Certain gadolinium compounds have shown excellent magnetocaloric properties [36,37,38], such as Gd(HCOO)₃ [39], Gd(OH)₃ [40], Gd₂O(OH)₄(H₂O)₂ [40], GdPO₄ [41], Gd(OH)CO₃ [42], GdF₃ [43], Gd(OH)F₂ [44] and Ba₂Gd(BO₃)₂X (X = F, Cl) [45]. The magnetocaloric effect (MCE) in Gd is particularly strong, making it an ideal material for use in extremely low-temperature magnetic refrigeration systems. Magnetic refrigeration is a technology that uses a magnetic field to cool objects. Magnetic refrigeration materials play an increasingly important role in the future of social development, particularly in the area of energy efficiency and sustainability. In addition, molecular clusters with diverse structures also exhibit enormous magnetic cooling potential and exhibit many physical properties, such as chirality, spin crossover, fluorescence, etc.

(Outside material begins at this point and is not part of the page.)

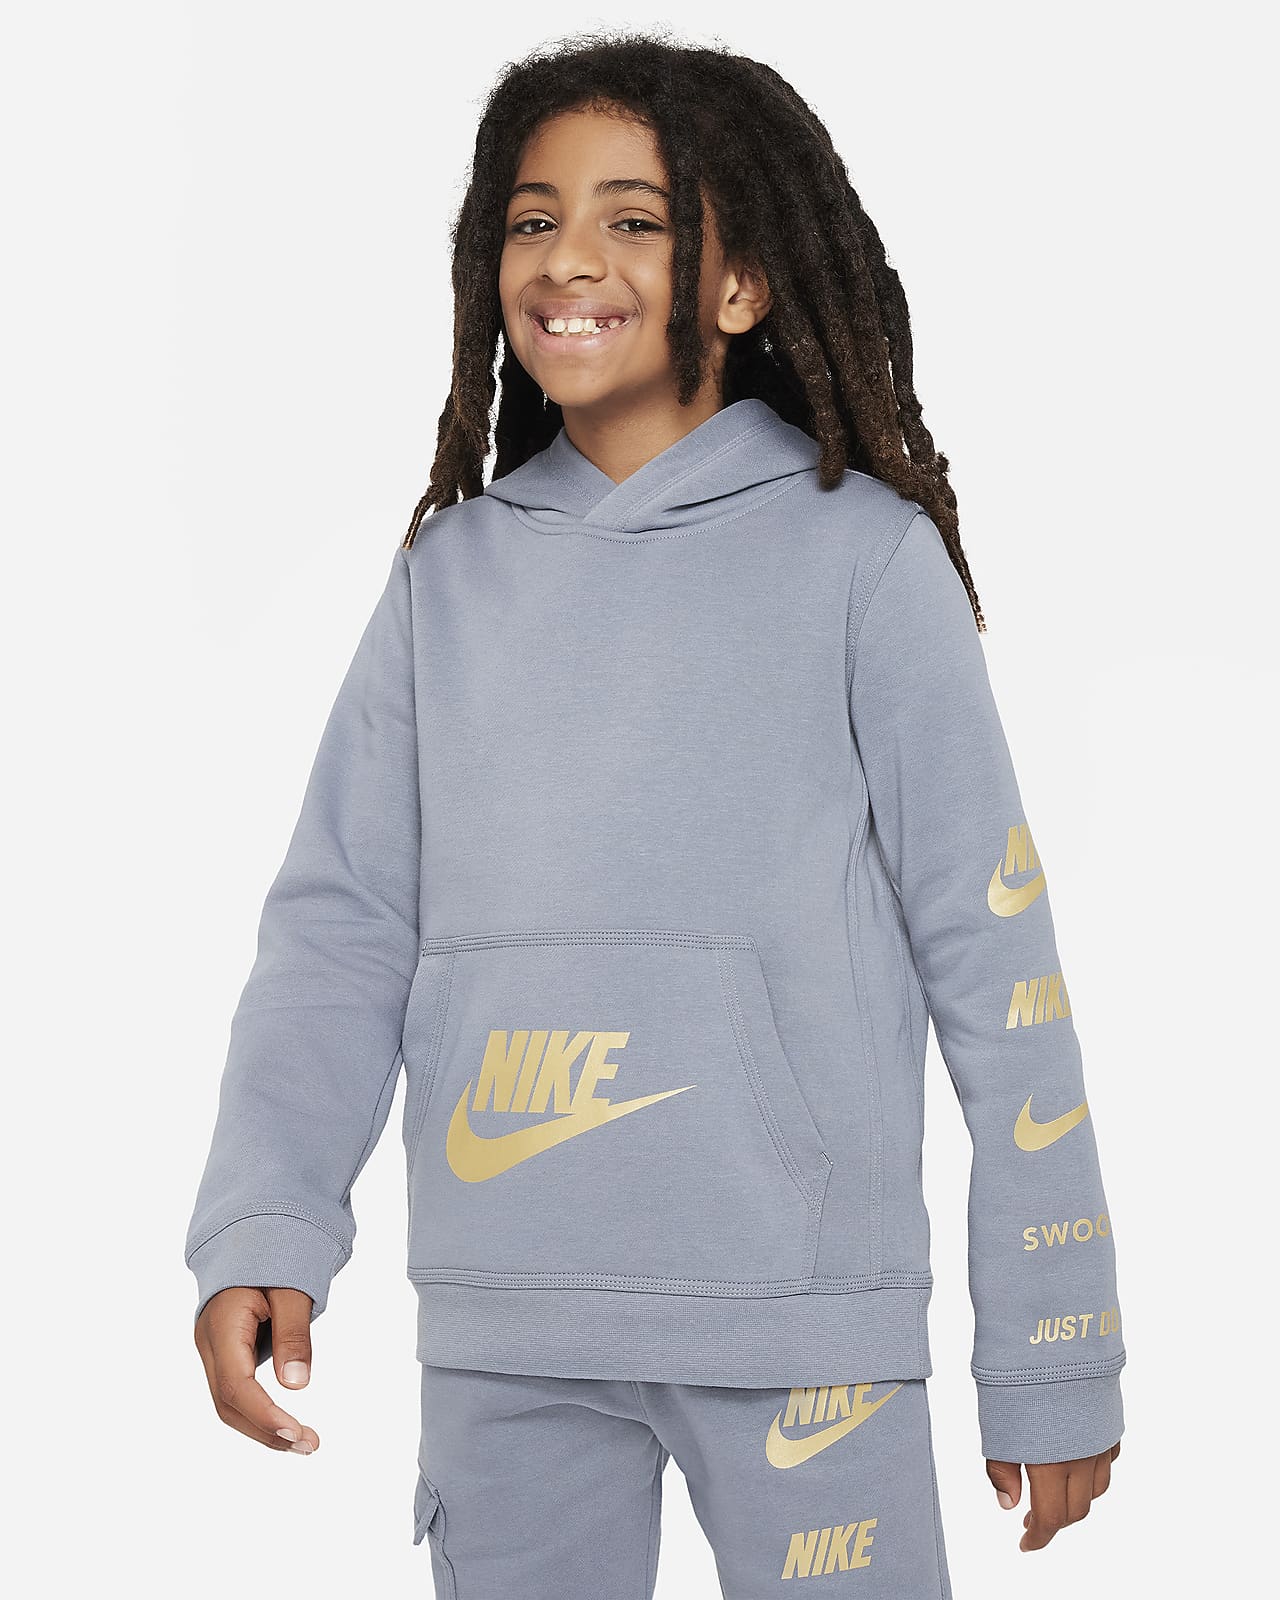 Hoodie. LU Nike Fleece Sportswear Pullover Nike Kids\' Standard Issue Older

Rhodamine-derived ligands show ring-opened or ring-closed structures and can form rare earth [46,47,48,49] or transition metal [50,51] complexes. They are mostly mononuclear or low-nuclearity complexes. We are interested in forming high-nuclearity clusters based on rhodamine ligands using the hydrolysis approach. In this work, we used the rhodamine 6G salicylaldehyde hydrazone ligand (Figure 1) to synthesize two different metal complexes, hexagonal heptanuclear {Gd^III₇} [Gd₇(L)₆(μ₂-CH₃O)₄(μ₃-CH₃O)₄(μ₃-OH)₄(NO₃)₂]NO₃·10CH₃CN·10CH₃OH·2H₂O (complex 1) and tetradecanuclear {Gd^III₁₄} Gd₁₄(H_0.5L)₈(μ₆-O)(μ₄-O)₂(μ₃-OH)₁₆(NO₃)₁₆·9.5CH₃CN·2CH₃OH·11H₂O (complex 2), with an unexpected three-layer double sandwich structure. These two complexes have an excellent magnetic refrigeration performance, and their magnetic entropy changes are 17.4 J kg⁻¹ K⁻¹ at 3 K and 5 T and 22.3 J kg⁻¹ K⁻¹ at 2 K and 5 T, respectively.

2. Results and Discussion

2.1. Synthesis and Characterization

Rhodamine 6G-type ligands have attracted significant attention in the realm of fluorescent sensors. Previous studies have primarily focused on the synthesis of mononuclear rare earth or transition metal complexes [46,47,48,49,50,51,52]. However, these ligands have yet to be fully unearthed. We speculate that the reaction between Ln^III and the rhodamine 6G ligands might lead to high-nuclearity lanthanide complexes under high pH values. Using the hydrolysis strategy, we have successfully synthesized two new Gd^III clusters, 1 and 2 (Figure 1). Additionally, our research has unveiled the influential factors that impact the synthesis process, including the ratio of central ions to ligands, solvents, alkalines and reaction temperature.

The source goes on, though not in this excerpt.